See examples/yoker.toml for the full configuration reference.
Architecture
Yoker uses an event-driven architecture for library-first design. The Agent emits events; the UI layer receives them through UIBridge and decides how to present them.
Agent layer (yoker.core): Configuration, context management, tool execution, and event emission. It has no terminal or presentation logic.
Backend layer (yoker.backends): Provider-neutral streaming chat backend. OllamaBackend uses the native Ollama SDK; LitellmBackend unifies OpenAI, Anthropic, Gemini, and 100+ LiteLLM-supported providers. The ModelBackend Protocol normalizes streaming into provider-agnostic ChatChunk events.
UI layer (yoker.ui): Implements the UIHandler protocol. Built-in implementations:
InteractiveUIHandler- Rich terminal UI with streaming outputBatchUIHandler- stdin/stdout/stderr for scripts and pipelines
Bridge (yoker.ui.UIBridge): Converts agent events into UIHandler method calls so the agent stays independent of presentation details.

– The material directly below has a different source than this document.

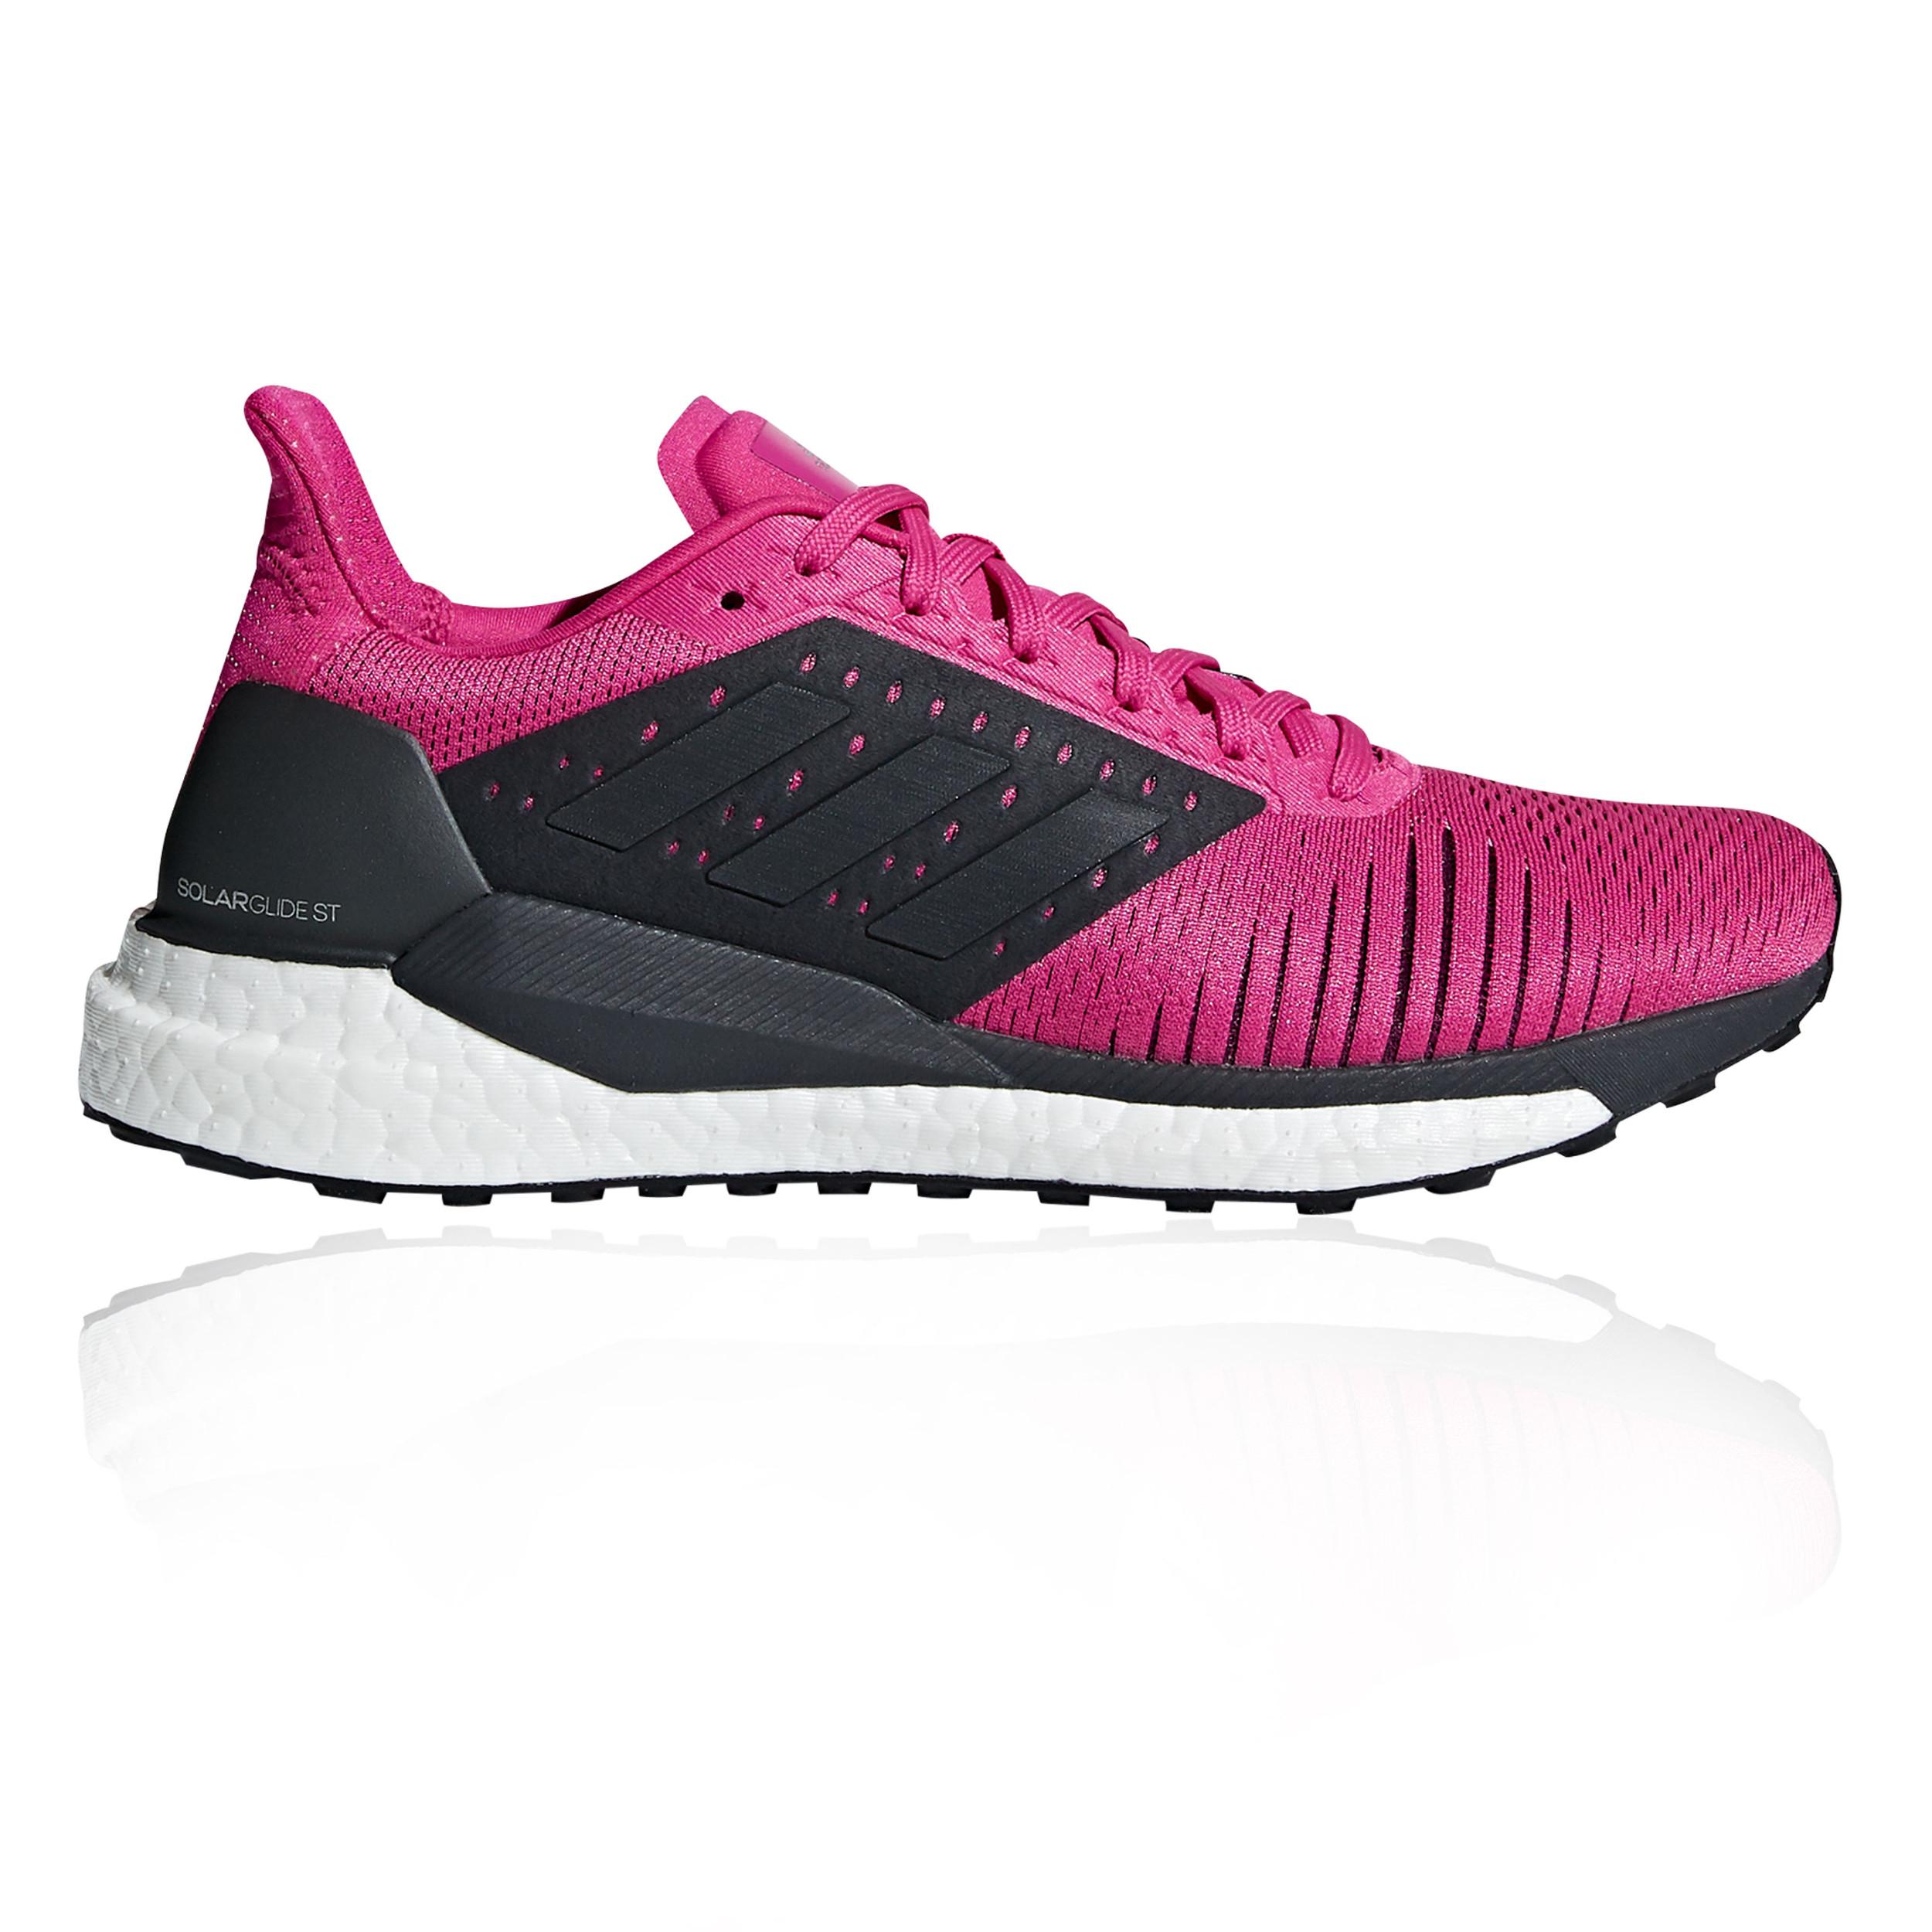 Chaussures Baskets Adidas Glide Course St Pied Solar Femmes À De vm8Nn0Ow

Event Types: Turn (start/end), Thinking (start/chunk/end), Content (start/chunk/end), Tool (call/result/content), Command
Providers
Yoker supports multiple LLM providers through a dual backend architecture:
| Provider | Backend | API key required | Free tier |
|---|---|---|---|
| Ollama | Native Ollama SDK | No (app path) or yes (API key) | Yes |
| OpenAI | LiteLLM | Yes | No |
| Anthropic | LiteLLM | Yes | No |
| Google Gemini | LiteLLM | Yes | Yes (limited) |
| Any LiteLLM provider | LiteLLM | Varies | Varies |
The bootstrap wizard offers curated model lists for each provider. See
Model Catalog for the full list, or run python -m yoker
with no config to launch the wizard.
Security: API keys are collected via masked input during bootstrap, and
config files are written with chmod 600 permissions. API keys can also be
injected from environment variables using Clevis interpolation
(${OPENAI_API_KEY}). Keyring integration for OS keychain storage is planned
(TODO S.1).
Documentation
- Full documentation
- Installation guide
- Quick start
- Model catalog - Curated models per provider
- Why Yoker? - Project rationale and comparison
- Architecture
Development
git clone https://github.com/christophevg/yoker.git
cd yoker
make env-dev # Create virtual environment and install dependencies
make test # Run tests with coverage
make check # Type checking + linting
make docs # Build documentation
Requires Python 3.10+. Uses uv for dependency management. See CLAUDE.md for project conventions.
Contributing
Contributions welcome! Please read CLAUDE.md for project conventions and development guidelines.
Changelog
See GitHub Releases for version history.
License
MIT License - see LICENSE for details.
Name: "yoker" - One who yokes. The agent noun from "yoke" (PIE yeug- meaning "to join"). Pairs with "clitic" (both are joining tools). See docs/NAME.md for full etymology.